Figures 1a, 1b, and 1c are explanatory diagrams showing the atmosphere cycles in normal treatment, carburizing treatment, and nitriding treatment, respectively, and Figure 2a
Figure 2b is a graph showing the relationship between treatment temperature and phosphate average crystal grain size in case of carburizing treatment, Figure 2b is a graph showing the relationship between treatment temperature and phosphate average crystal grain size in case of nitriding treatment, Figure 3a is a graph showing the relationship between treatment time, oxygen reduction current, and phosphate average crystal particle size in the case of carburizing treatment, and Figure 3b is a graph showing the relationship between treatment time, oxygen reduction current, and phosphate average crystal particle size in the case of nitriding treatment. It is a graph showing the relationship between average crystal particle diameters.
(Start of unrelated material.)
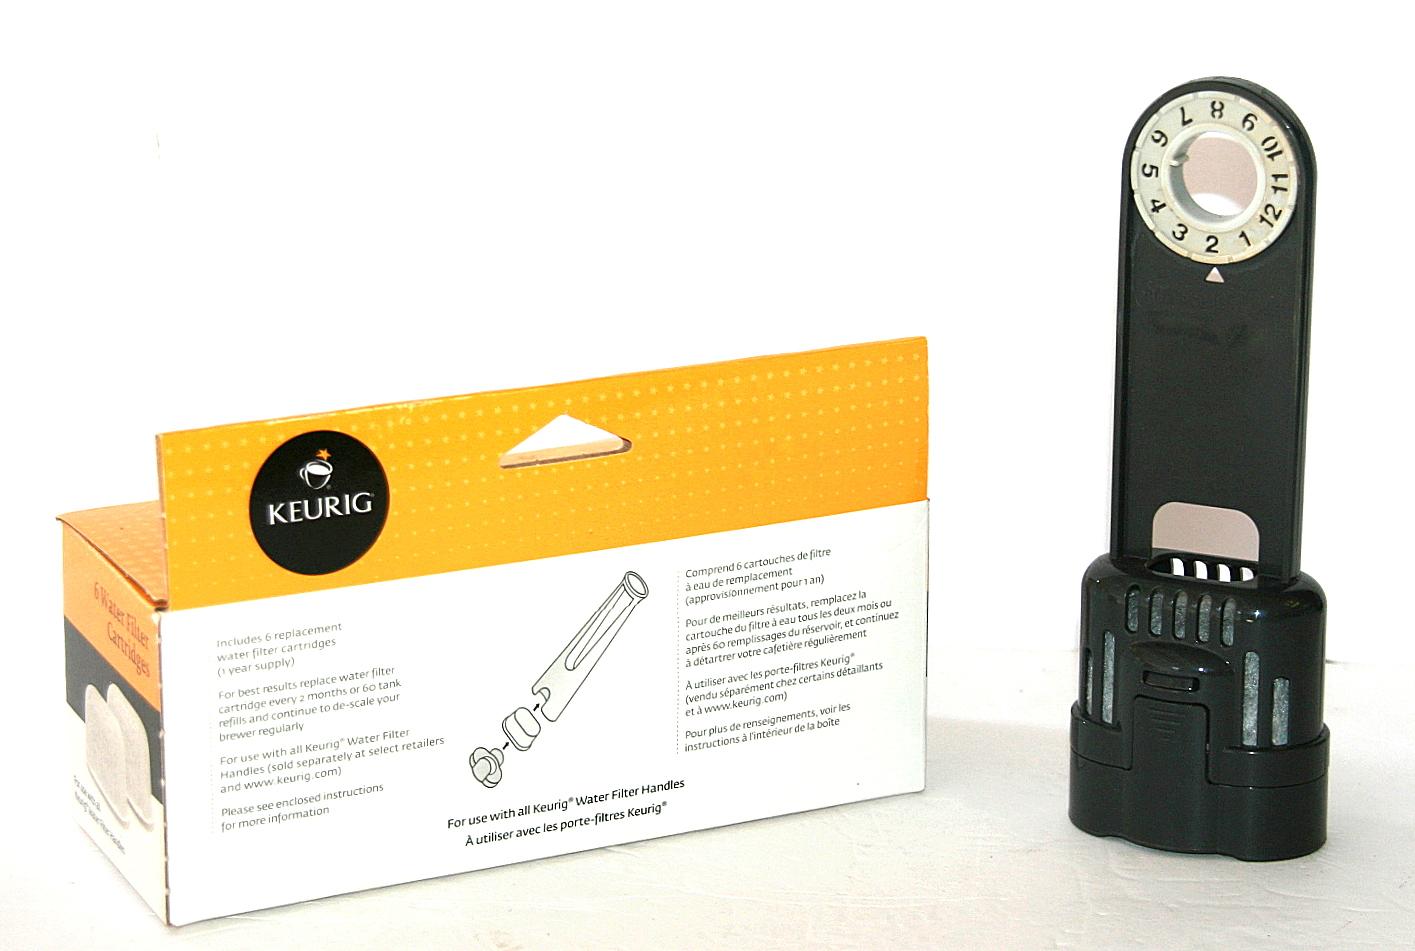 keurig water filter cartridges

Code 1...Annealing start position, 2...Cooling start position, 3...Processing start position, 4...Processing end position,
...(7%H ₂ +N ₂ ) atmosphere, ...(3%
CH ₃ +7% H ₂ + N ₂ ) atmosphere,...(5% NH ₃
+7%H ₂ +N ₂ ) Atmosphere.

Claims (1)

[Claims] 1 Contains C<0.01% and N<0.01%, Ti,
Contains one or more types of carbonitride-forming elements such as Nb and Zr, and the total atomic ratio of these carbonitride-forming elements to C is 1 to 5, and nitridation of B, Al, etc. The total number of nitride-forming elements including one or two of the nitride-forming element group is N.
When a cold-rolled steel sheet with an atomic ratio of 0.5 to 5 is heated to 750°C or higher by continuous annealing and then cooled, it is exposed to a carburizing or nitriding atmosphere in the temperature range of 750°C to 450°C. A method for producing a cold-rolled steel sheet for press forming with excellent chemical conversion treatment properties, characterized by retaining the steel for 10 seconds or more.